2024 Author: Harry Day | [email protected]. Last modified: 2023-12-17 15:43
Recently we talked with a friend and touched upon a very interesting topic. We talked about the need to change something in life. Many have certain areas in which they would like to change, but for some reason they do not. A person wants something, does not get what he wants and suffers from it. He gets upset and hurts. You can understand such a person.
Our discussion was not from the point of view of desires and their realizations. We talked about why, having the tools to get what we want, for some reason we don't use them. Moreover, we pay money for these tools.
We don't really want to. Yes, with all the obvious facts of our strong desire, we have other motives, because of which "nothing happens to us."
Eric Berne describes the games that people play using three internal figures: adult, child, and parent. One of the games is similar to the situation we discussed with a friend.
It looks like this:
- We have a need that we address ourselves and the question arises: "What should I do"?

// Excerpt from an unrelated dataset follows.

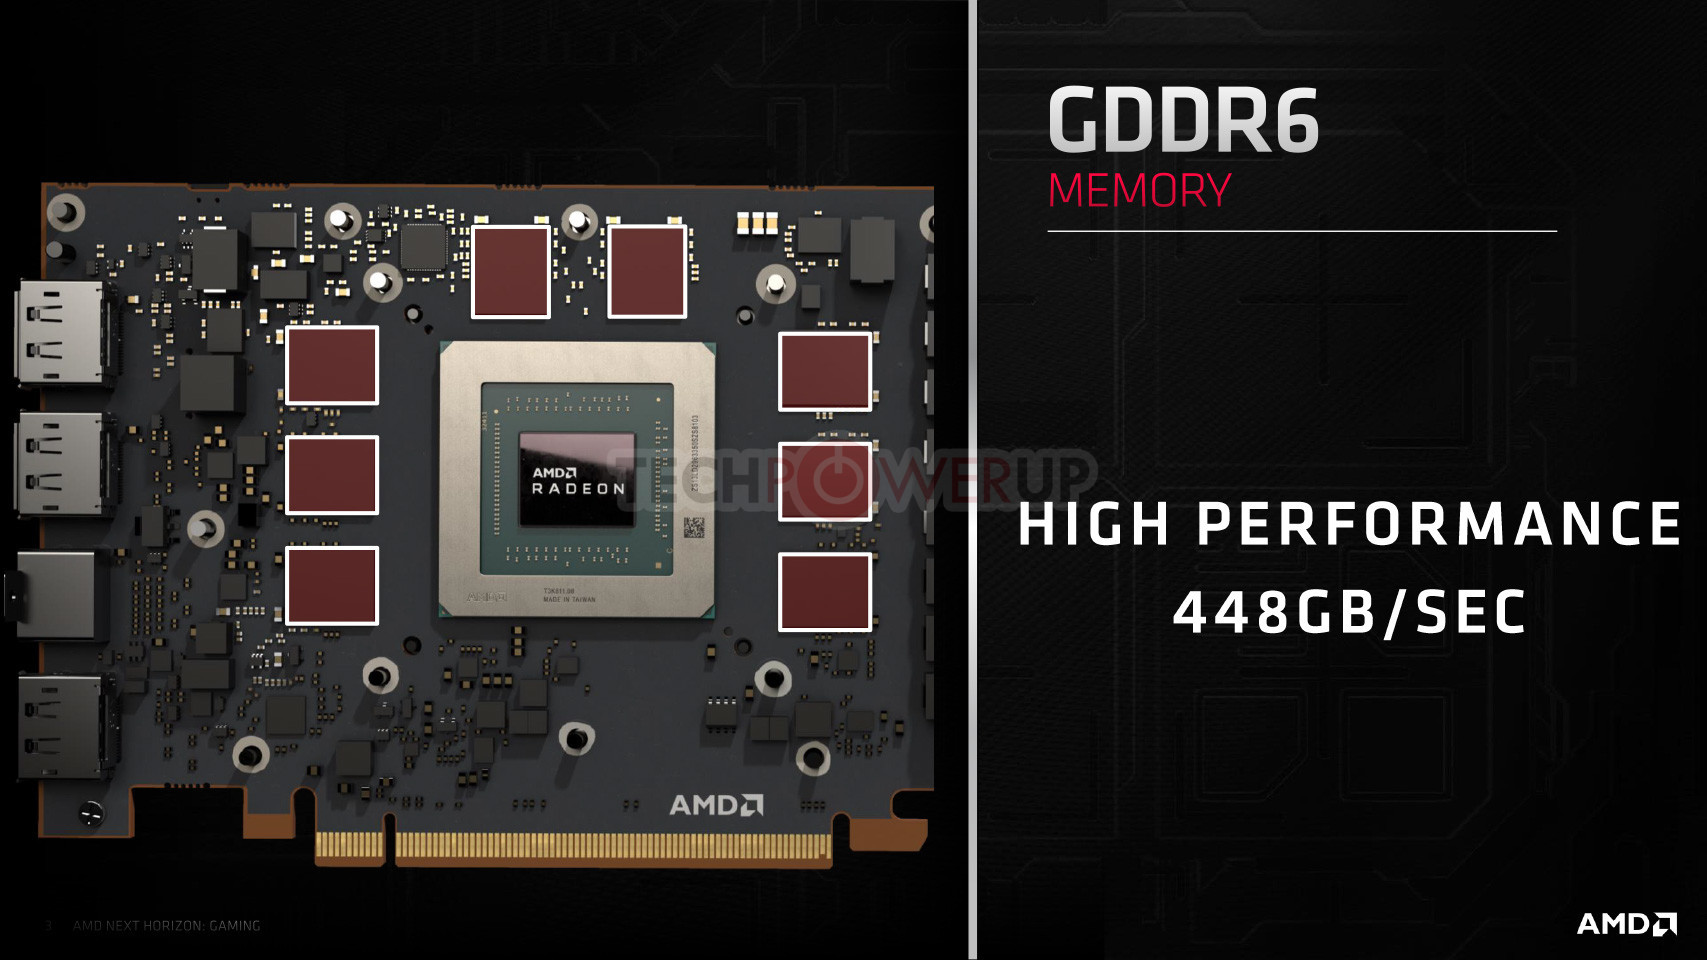 La Radeon RX 5700 supera a la GeForce RTX 2060 36

- Our inner adult finds ways "how he can achieve what he wants."
- Our inner child (it could also be some part of us) doesn't really want to go this way. He has his own reasons for this. What is he doing? He breaks discipline)))). Does not follow instructions and recommendations. In such cases, we often say: "I understand everything, but for some reason I do this", or "the most interesting thing is that I know all this and even advise others." Or we just listen, nod our heads, and the information received does not translate into active actions. In general, our child sabotages all intentions towards change.
Our inner child does this because he has a strong motive. And this motive is more powerful than the desire that is on the surface. What then does our child get? He suffers, while others "stroke" him. A person receives compassion, attention, understanding, possibly help.
What else? An opportunity to relieve oneself of responsibility, one's own incompetence and feelings of guilt. More about wine here. It is very difficult to bear it. After all, even a small thought, but flashes: "I do nothing," "I am too lazy to invest every day in my own changes." Such thoughts are unbearable, and it is easier for a person to push them onto something or someone.
I often hear people go to seminars, listen to lectures, but nothing helps. Well, of course it doesn’t help, and it won’t help. After all, just listening is grains thrown into the wrong soil. We need to act.
If you have the tools to fulfill your desire, or change the current life situation, and you do not use them, then look at what motivates you. In this case, I'm talking about the motivation of that inner part of you (your child, saboteur, laziness) that does not want change. Why is it really beneficial for you to live the way you live. Ask yourself the question: "What is important and valuable in the fact that this part of my life remains unchanged?"
It is advisable to form the question more specifically and listen to how the body responds, what thoughts come to mind. Your reaction is the answer to the question.
Explore yourself for the sake of your own changes for the better.